Mihai Marza
I Was Raised by Color
I was born into art — not just as a practice, but as a way of being. My earliest memories are soaked in the smell of oil paint, in the quiet presence of my father, Mârza Ioan Traian, himself a painter and later my teacher. He didn’t just show me how to hold a brush — he handed me the language of color before I even knew how to speak my own truth.
He kept my childhood drawings, the ones I made at five. Back then, I didn’t understand why.
Now I do.
He saw something in me — and refused to let it fade.
I spent my early years in Mănărade, a small village near Blaj, before moving to Alba Iulia. That’s when everything came alive. My father had just returned from his art studies in Bucharest and opened a gallery in the heart of the city. He began teaching at the local art high school, and I, in turn, began living a lifE surrounded by creation.
Exhibitions. Art camps. Canvas and conversation. Brushes and breath.
I didn’t grow up around art.
I grew up inside it.
Over the years, life took me into unexpected places — places that broke me and shaped me at once. At 21, as a student at the University of Arts in Timișoara, I was arrested and spent a year and a half in prison. Even then, I kept painting. I took my exams. I graduated on time.
But life had more trials to hand me.
Soon after, I fell severely ill. Polyradiculoneuritis — an autoimmune storm that paralyzed me, robbed me of my sight, and left me floating in the sterile cold of Intensive care for three months. When I began walking again, I discovered the pain in my leg was necrosis. A total hip replacement followed — in Brussels. I returned to Romania on crutches and kept working, this time on opening a cultural space in the Alba Iulia Citadel. In the middle of that pain, I opened an underground club. I started DJing. I created space for expression, rebellion, release.
But behind the energy, the music, the nights without sleep — I was unraveling.
Another arrest came in 2017. Another fall. Another silence. That silence turned into two years of reflection. I built a guesthouse. I worked with wood. I worked with my hands. I remembered what it feels like to create something slowly. To breathe while building. To find peace in something real.
And then — I returned to painting.
Only this time, I returned fully. With everything I had left. And I realized what I had been chasing through all the chaos, through the music, the projects, the mistakes, the pain — was there, waiting for me.
It had always been there.
Chaos and Repetition. Familiarity and Madness.
My current work lives in the tension between what is familiar and what is fractured. I use pop culture characters — cartoons we all grew up with — but I place them in storms of color, in visual noise, in emotional contradiction.
Why?
Because I needed a way to express the full spectrum of what I’ve lived: madness, paranoia, tenderness, shame, ecstasy, love, loss, fear. Because I needed to tell the truth in a way that people could see themselves in it, too.

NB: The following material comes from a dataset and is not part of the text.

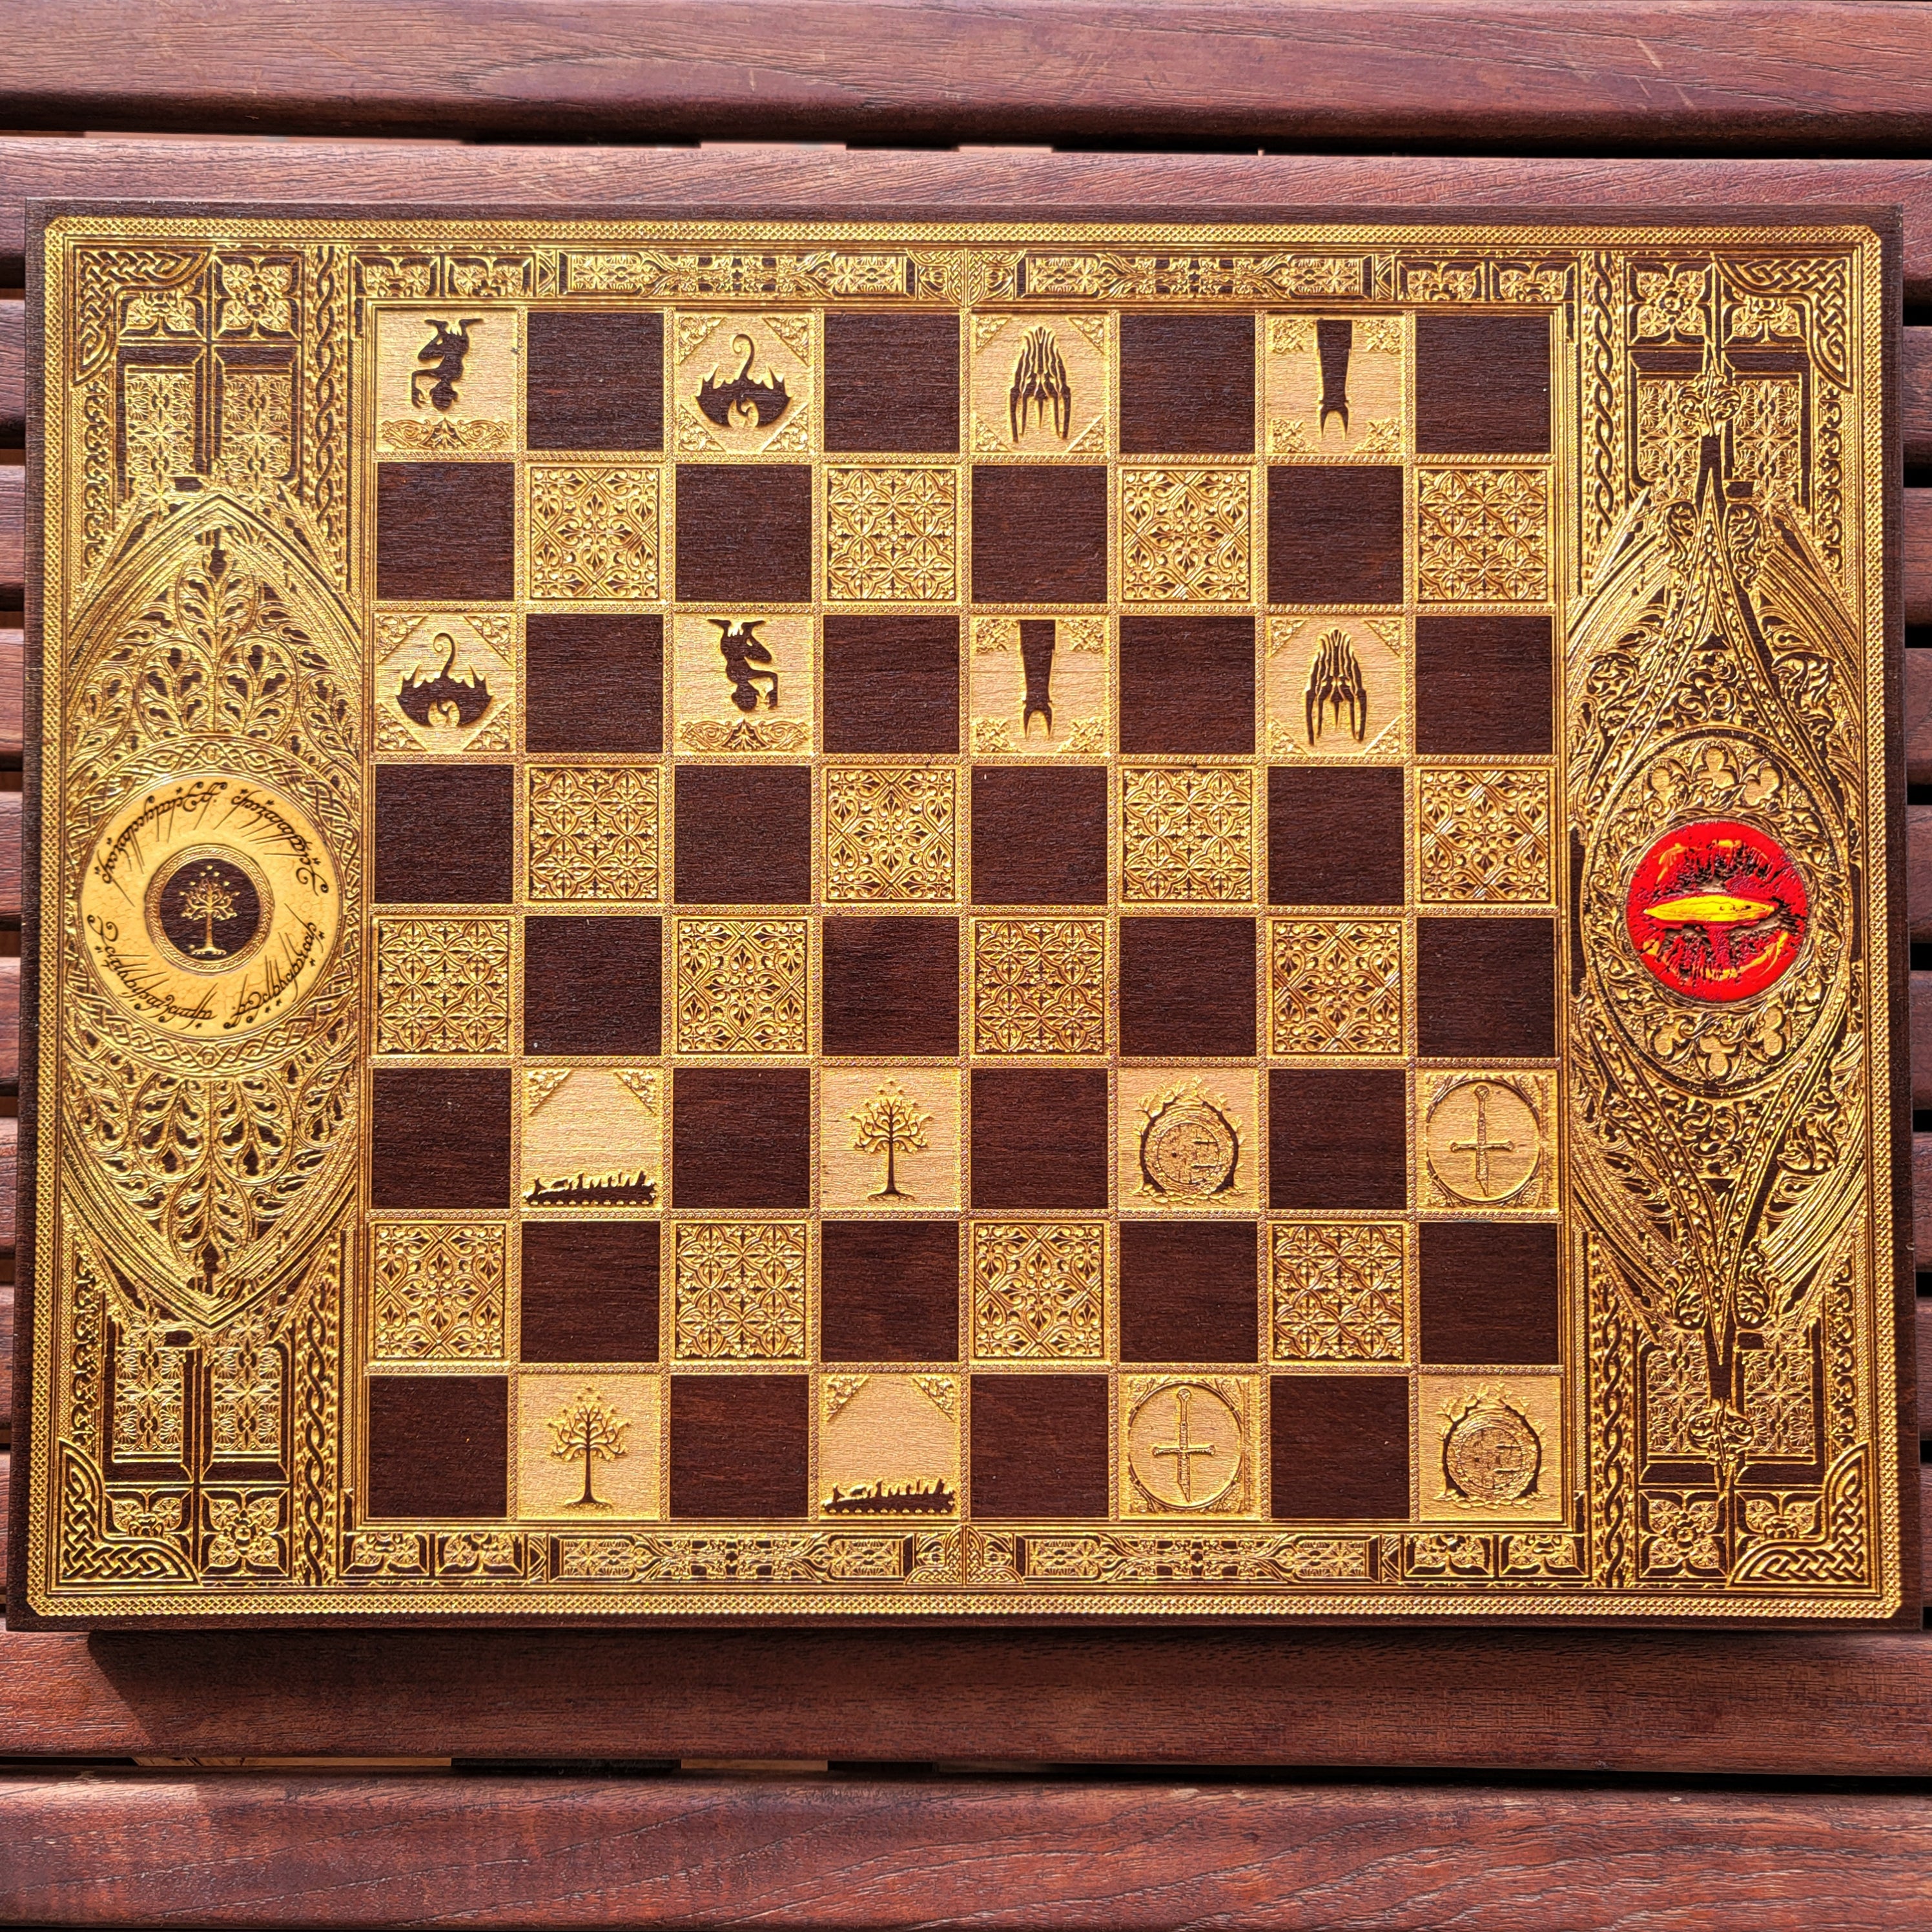 Fantasy Chess Board - Walnut & Gold - A3 Large Size

Repetition is my rhythm. Chaos is my container.
Each brushstroke is a conversation between panic and stillness. Between a mind that wants to scream and a heart that wants to be heard. Mental health — with all its shadows and vulnerability — sits at the center of my work.
But I don’t want it to weigh people down. I want it to invite them in. To remind them that they are not alone in what they feel. That healing can be loud, wild, even cartoon-colored.
Now I paint mostly in oil on canvas — a return to tradition, but with a modern soul. I speak through texture, through layer, through contradiction.
My work is not clean.
It is alive.
This is What I Know
I know what it means to fall apart. I know what it means to rebuild. And I know that art — real, raw, honest art — is one of the few things that can hold us together.
Every painting I make carries a part of me that didn’t give up. A part of me that survived.
A part of me that still hopes — for peace, for connection, for beauty in brokenness. i don’t paint for applause.
I paint for meaning. For release.
For the chance that someone, somewhere, might look at one of my pieces and feel a little more seen.
If you’re here — reading this — thank you. You are part of the story now. And I hope, in my colors and my chaos,
you’ll find a small mirror of your own.